1. Cartographier et isoler les boucles
La première erreur est de vouloir remplir tout le circuit d’un coup. L’eau prend le chemin le plus facile, emprisonne l’air dans les branches mortes et vous laisse avec des boucles à moitié pleines. Repérez d’abord chaque boucle, ses robinets de purge en bout de retour et ses purgeurs hauts. On purge ensuite une boucle à la fois, en isolant les autres : c’est plus lent à décrire, beaucoup plus rapide à exécuter, et surtout plus fiable.
2. Vérifier le vase d’expansion avant de remplir
Le vase d’expansion se contrôle circuit vide, côté air. Sa pré-charge doit être égale à la pression de remplissage à froid que vous allez viser. Si la pré-charge est trop basse, l’eau entre dans le vase dès le remplissage et il ne reste plus de volume pour absorber la dilatation : la pression grimpera anormalement à chaud et la soupape finira par cracher. C’est un réglage de deux minutes qui se fait avant la mise en eau, jamais après.
3. Calculer la pression de remplissage à froid
Oubliez le « 12 psi » universel. La pression de remplissage à froid se calcule selon la hauteur du bâtiment : prenez la hauteur du point le plus élevé du circuit au-dessus du manomètre, divisez-la par 2,31, puis ajoutez environ 4 psi pour garantir une légère pression positive au sommet — assez pour que les purgeurs hauts évacuent l’air au lieu d’aspirer de l’air parasite. Sur une tour, cette valeur peut largement dépasser la pression d’un système résidentiel. Réglez la vanne réductrice d’appoint sur ce chiffre, pas sur une habitude.

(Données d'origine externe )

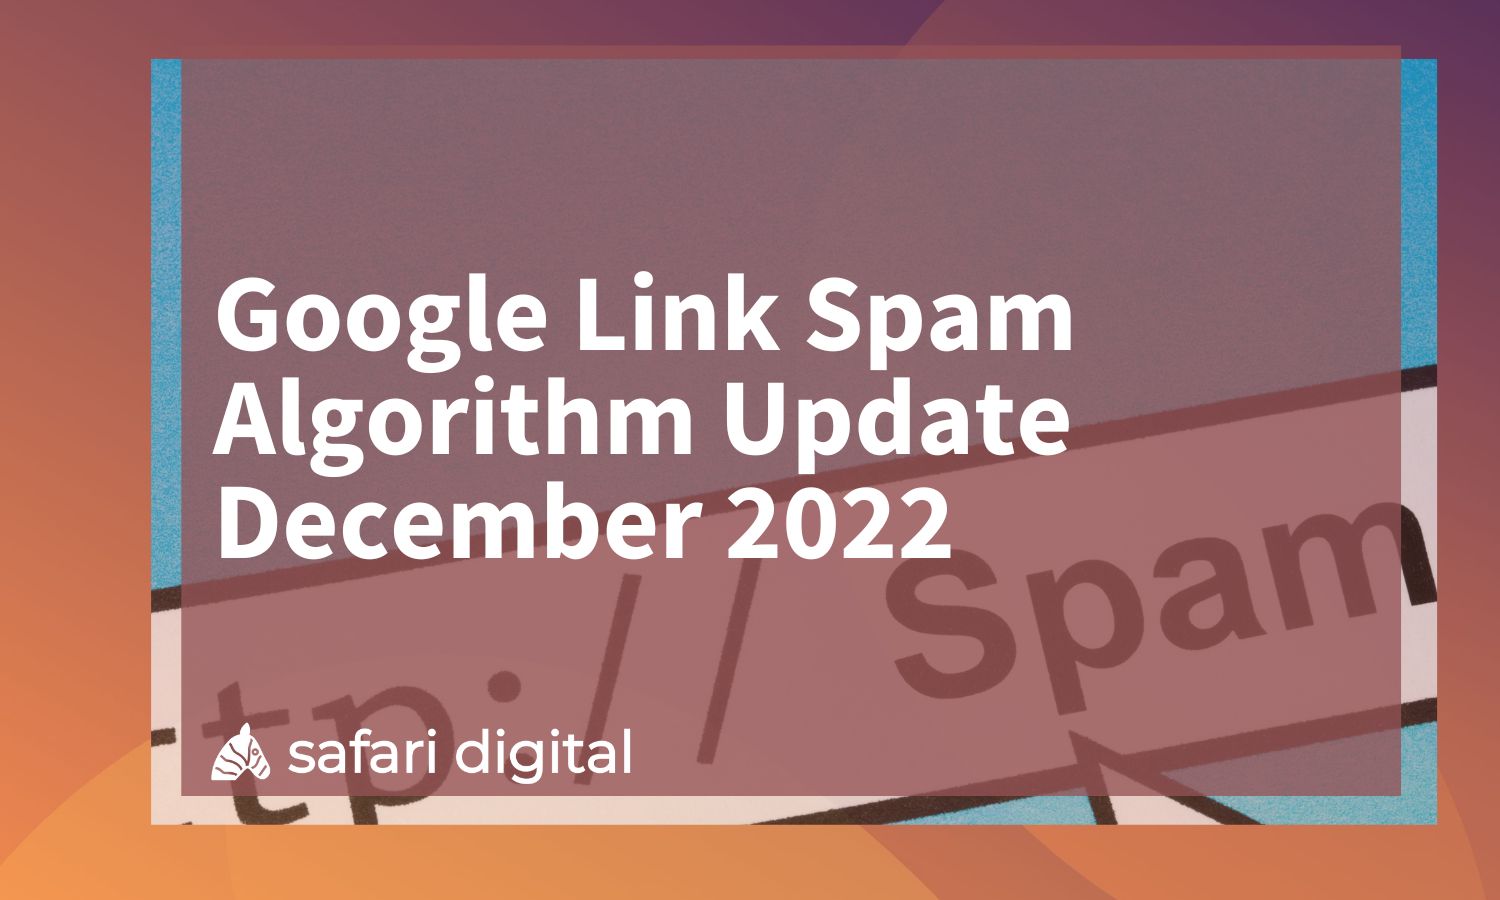 Google Link Spam Algorithm Update December 2022

4. Remplir par le bas, une boucle à la fois
On remplit par le point bas et on pousse l’eau vers le haut : l’eau qui monte chasse l’air devant elle vers les purgeurs et les robinets de purge, au lieu de le piéger. Ouvrez l’eau d’appoint, dirigez le débit dans la première boucle, et laissez couler au robinet de purge de retour jusqu’à obtenir un filet clair, continu, sans bulles. Fermez, passez à la boucle suivante. Profitez-en pour partir d’une eau d’appoint correctement traitée : un remplissage est le moment idéal pour soigner le traitement de l’eau du circuit, car l’eau brute introduit oxygène et minéraux qui attaqueront ensuite échangeurs et circulateurs.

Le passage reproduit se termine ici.